Third Interceptor Missile Placed In Silo In Alaska
A third interceptor missile was lowered into an underground silo in Alaska this week, the latest addition to a ground-based missile defense system that will become operational this year, the US Defense Department said Thursday.
The Missile Defense Agency (MDA) said the interceptor missile went into a launch silo at Fort Greely, Alaska on Wednesday.
Three more interceptor missiles will be fielded by mid-October at Fort Greely, and two others later this year at Vandenberg Air Force Base in California, it said.
"Although the system will initially have a limited capability when it becomes operational later this year, it will mark the first time the United States has a capability to defend the entire country against a limited attack by a long-range ballistic missile," the agency said in a statement.
A prominent critic, Democratic Senator Jack Reed, said the agency's claim that the missiles will provide an effective national defense against long-range missiles "strained credibility."
"The agency has never done a single test of the interceptor, or the radar needed to guide the interceptor, or the incredibly complex command and control system to see if they can actually shoot down an enemy missile," he said.

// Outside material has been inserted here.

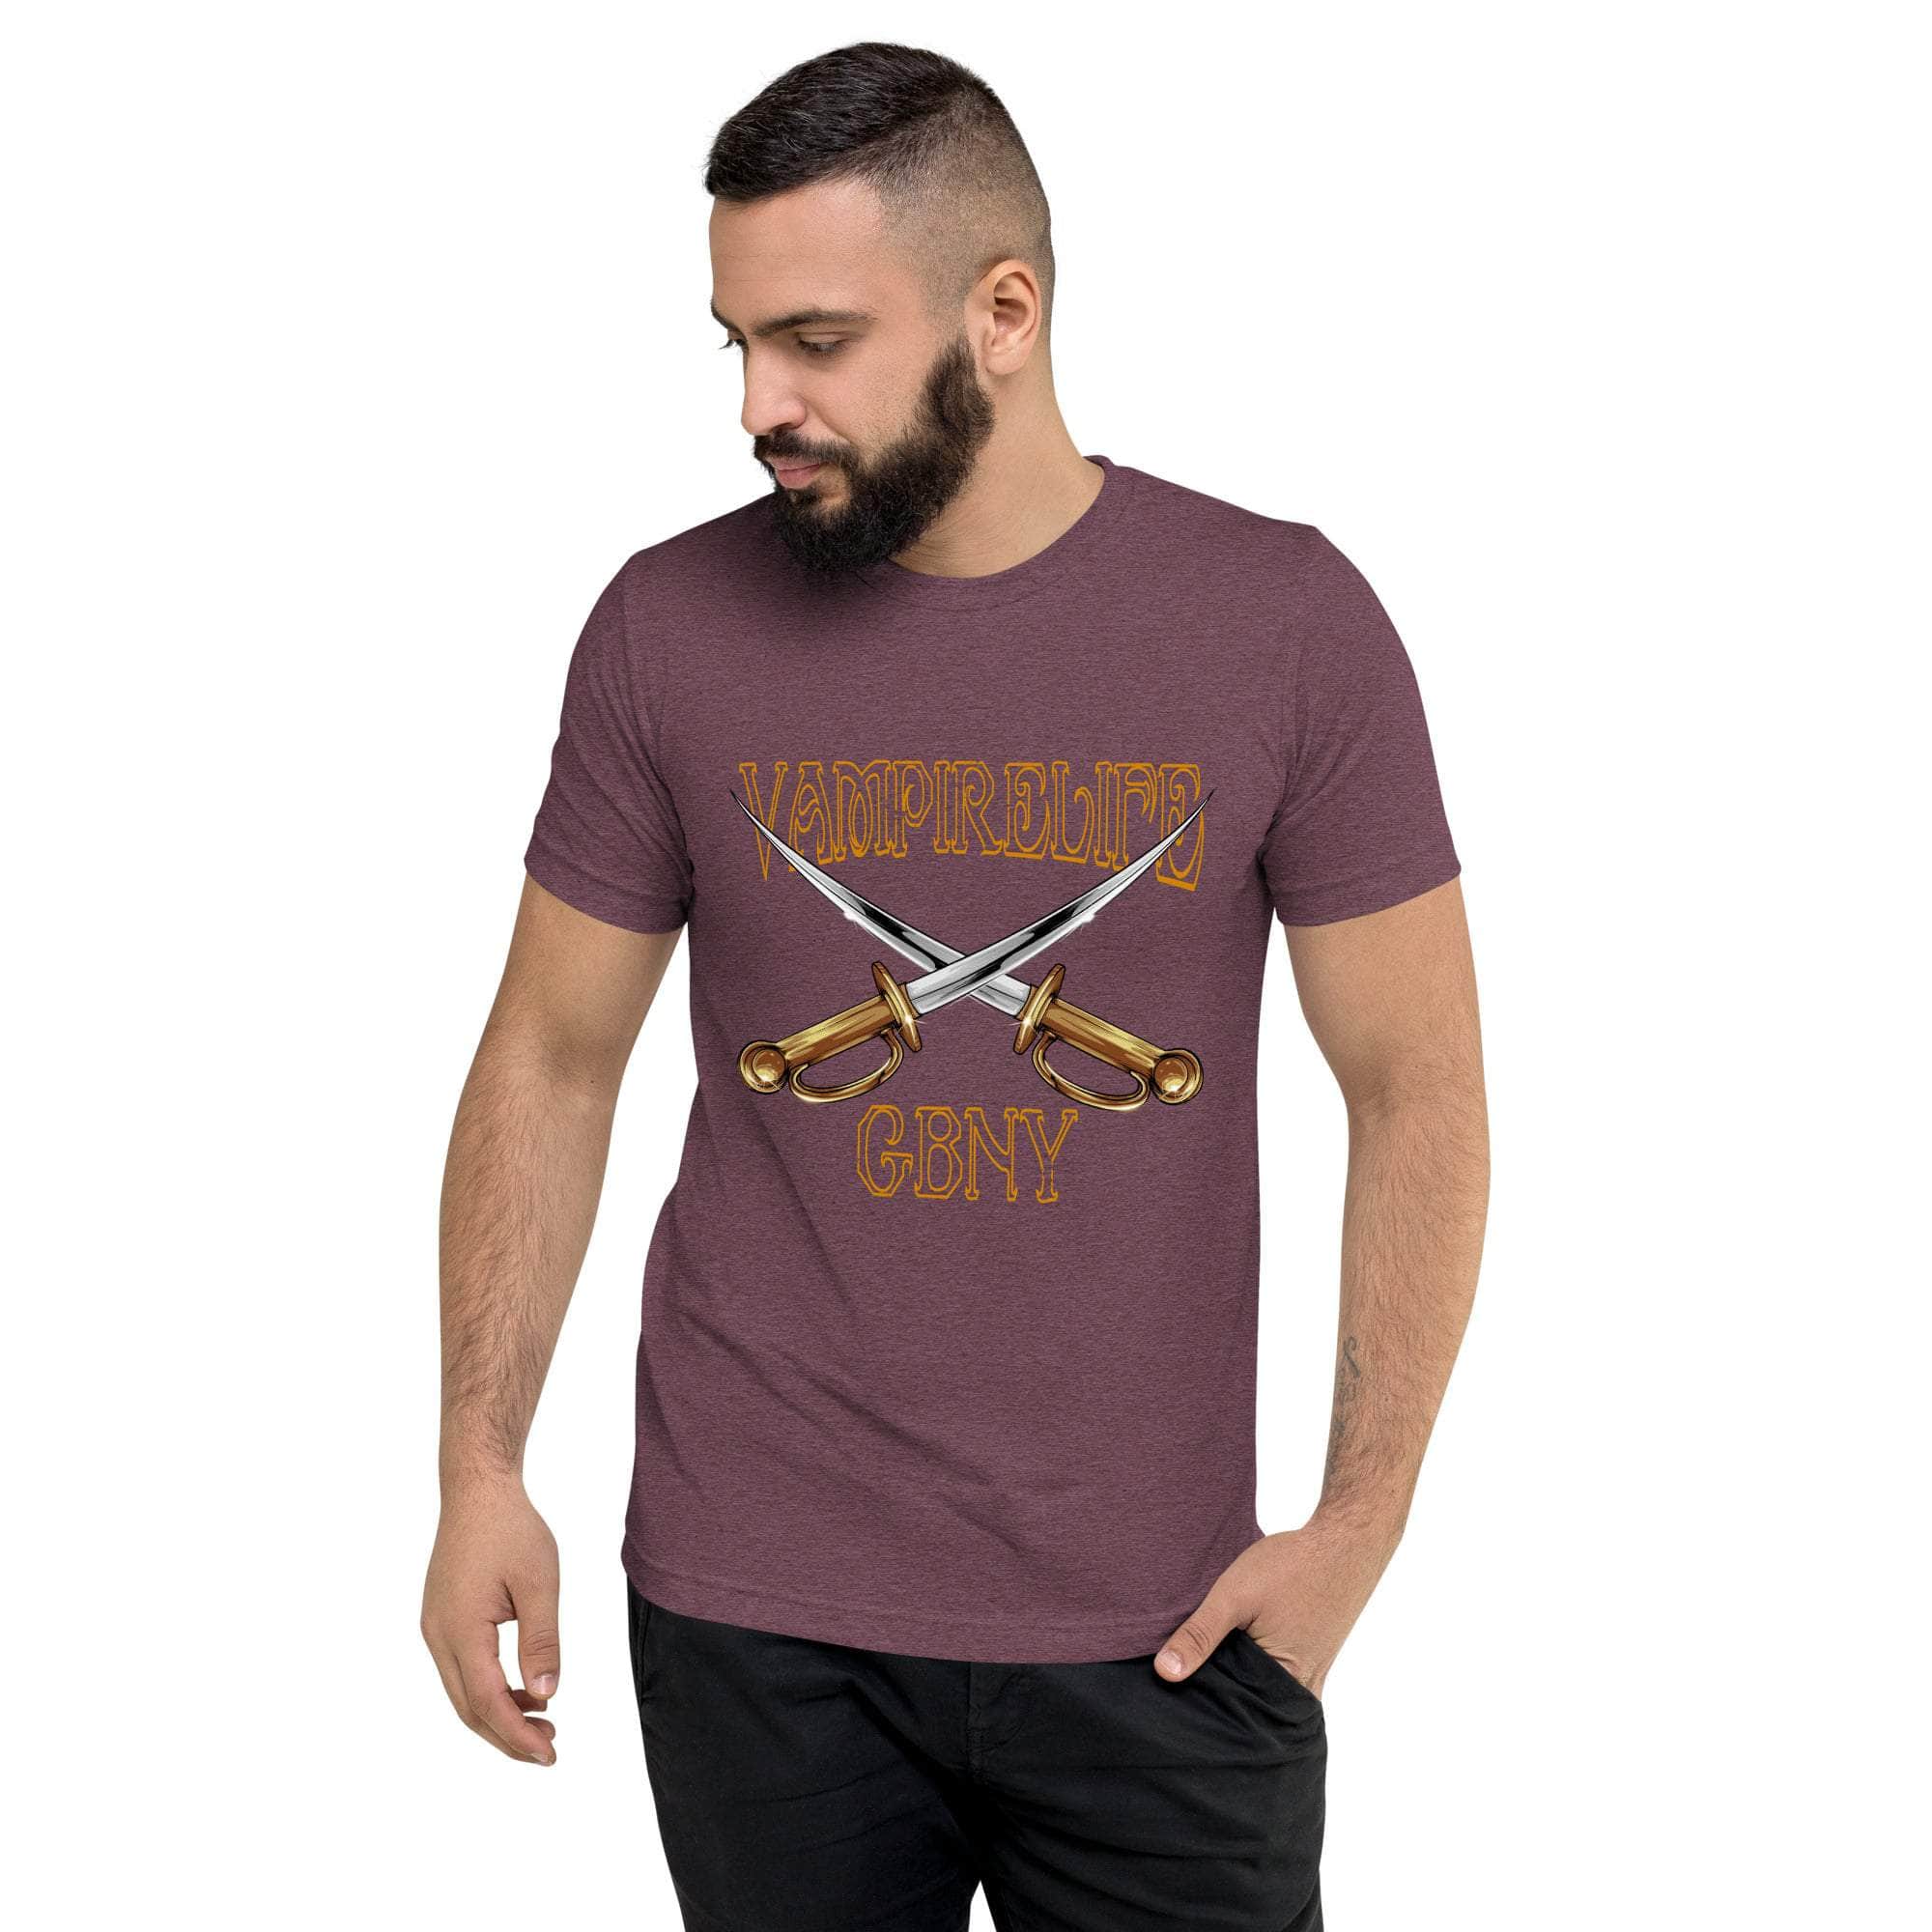 GBNY Maroon Triblend / XS Vamp Life X GBNY "Cross Swords" T-shirt - Men's 3322256_6544

Flight tests have been cancelled or delayed six times since December 2002 because of technical problems and test failures, and the first real test is not scheduled until late November -- "safely after the elections," Reed said.
Nevertheless, the administration planned to announce the deployment of "this untested, problem-ridden system" next month before the elections, he said, accusing the administration of "a cynical approach to our nation's defense".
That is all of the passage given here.